Department of Communication

Magazine Story
FOR IMMEDIATE RELEASE Contact: Stephen Carpenter, Ad/PR Student
November 6, 2013 ETSU Department of Communication
423-202-1218
carpenters@goldmail.etsu.edu

Storytelling and the Department of Communication: A Perfect Fit

East Tennessee State University is known for many things, including the Quillen College of Medicine, its
success in basketball and its beautiful location. But one of the most unique things ETSU has to offer is a
master’s degree program in storytelling — the only one of its kind in the United States.

Now, the storytelling program is making the move from the College of Education to the Department of
Communication. It’s a fitting home for a discipline whose focus is carrying on the tradition of narrative
through spoken word.

Dr. Joseph Sobol, assistant professor and coordinator of the storytelling program since 2000, said that
the move has been a long time coming.

Dr. Sobol began working with Pat Cronin to coordinate a move that would line up the program closer
to the Division of Theater and Dance around seven years ago. The process was a long and slow one, but
last year, the move to the Department of Communication began.

The move came at an opportune time as well. “With the College of Education reading program having
to line up more with “No Child Left Behind” and the “Race to the Top,” we really didn’t fit in well with
the direction they were going,” Dr. Sobol said.

The first step in the move was the establishment of the new storytelling minor. The new
undergraduate minor program, which began in the 2013–2014 academic year, is the first area of the
storytelling program to be coordinated within the Department of Communication.

Dr. Sobol said the master’s program should be moving to the department in the fall semester of 2014,
which was even faster than he had anticipated.
The storytelling program began in the late 1980s under original director Dr. Flora Joy. The program was
held mostly in the summer, and many prominent storytellers have taught in the program due to its
close ties with Jonesborough’s National Storytelling Festival.

In 2000, Dr. Sobol took over the storytelling program following the retirement of Dr. Joy and began
looking for ways to expand beyond the summer program.

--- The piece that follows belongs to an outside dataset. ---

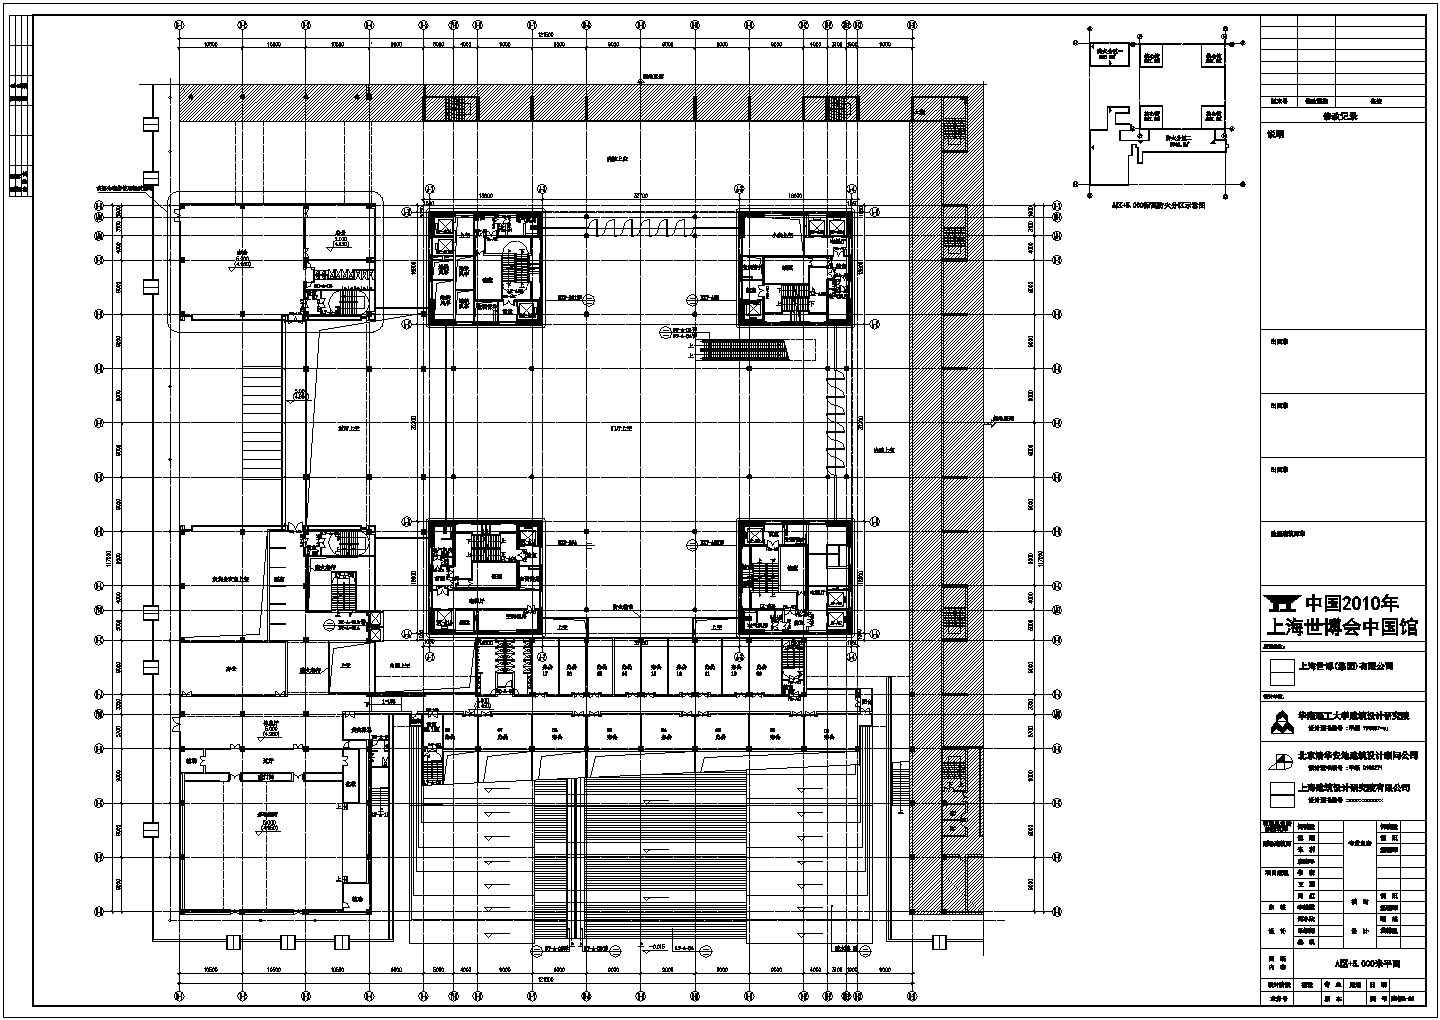 某展览展馆CAD建筑方案设计图-平面图(地面)

The undergraduate minor and the move to
the new department are two more steps in that expansion.

The program attracts people from many different backgrounds, and many of the program’s students
come from vastly different backgrounds ranging from anthropology to children’s ministry.
Dr. Sobol points out that storytelling links all disciplines at the university. “Narrative structure is
important,” he said. “It’s one of the ways people think, really.”

This one-of-a-kind program will be a perfect addition to the Department of Communication, since
storytelling is at the heart of communication.